I was paranoid. I found the owner and asked for proof the dog had it’s rabies shot and he couldn’t prove it, though he swears it did. I didn’t believe him, this is my 6 year old daughter, you show me proof or I’m assuming the dog has rabies. I mean, RIGHT?
At any rate, I’d been standing right next to Emmy. The dog was a lab. It was sweet, but we went to pick up a stick and throw it again and it grabbed the stick from Emmy’s hand and broke the skin.
So, here I was talking to a friend, Kristine Jackson, in fact, and I mumbled something like, “Parenting is so hard. So much can go wrong.”
And, I’ll never ever forget her answer. “So much can go right, too.”
Mic Drop. It was like a huge slap, I immediately came back from my completely ludicrous and unsubstantiated panic and looked her straight in the eye and was like, WTH am I saying? Of course so much can go right. Parenting is the greatest thing on earth. I love it. I want to do it forever. Hell, I AM going to do it forever.
This is a story I tell a lot of people and I don’t even know if she remembers it, but it was a HUGE moment in, like, my life! For real. It sound so minimal, but instead of freaking out and thinking, OMG everything sucks, everything is so hard, I want to put my kids in a bubble, just act. Be appropriate, be smart.
I asked that the dog be quarantined. Owner was more than amenable, no police, no ticket, no fines, just quarantine the dog and we’ll talk in a few. Dog was fine. Emmy was fine. All was good.
Worry is toxic. It keeps us from thinking logically. It makes us sick. It causes health problems and prevents us from enjoying life.

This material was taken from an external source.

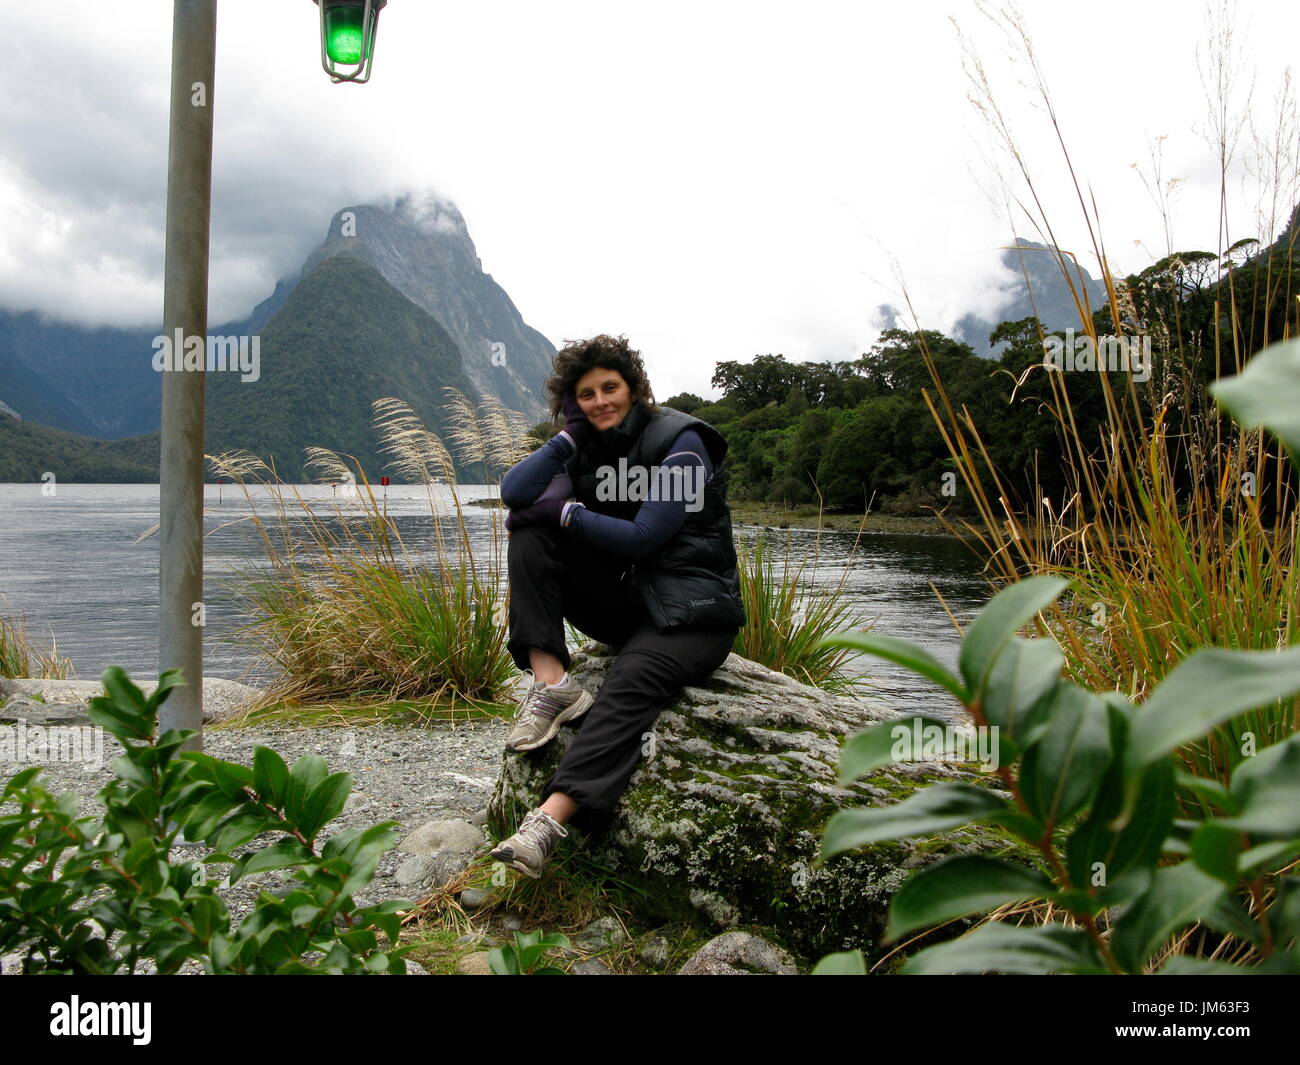 Lady in picturesque setting at Milford Sound Stock Photo

Worry also stops us from taking risks because we focus on all that could go wrong instead of all that could go right. We weight the cons and give them more weight than the pros because, “What if”. Well what if it’s the most amazing experience of your life. What if it leads you to the plan God has for your life. We aren’t called to live comfortably, you know. And we aren’t supposed to worry, ever.
“Do not be anxious about anything, but in every situation, by prayer and petition, with thanksgiving, present your requests to God. And the peace of God, which transcends all understanding, will guard your hearts and your minds in Christ Jesus.” Philippians 4:6-7
Don’t let anything stop you from living out your most amazing life. Find your purpose and live it passionately. Whatever that may be. Go out and make the world a better place. Start small, or start big, but just make sure you start.
The advice from those who are much older and much wiser is resonating, we should all heed it, lest we come to the last years of our lives and no longer be nimble enough to live our best lives, or no longer have time. Blaze your trail now.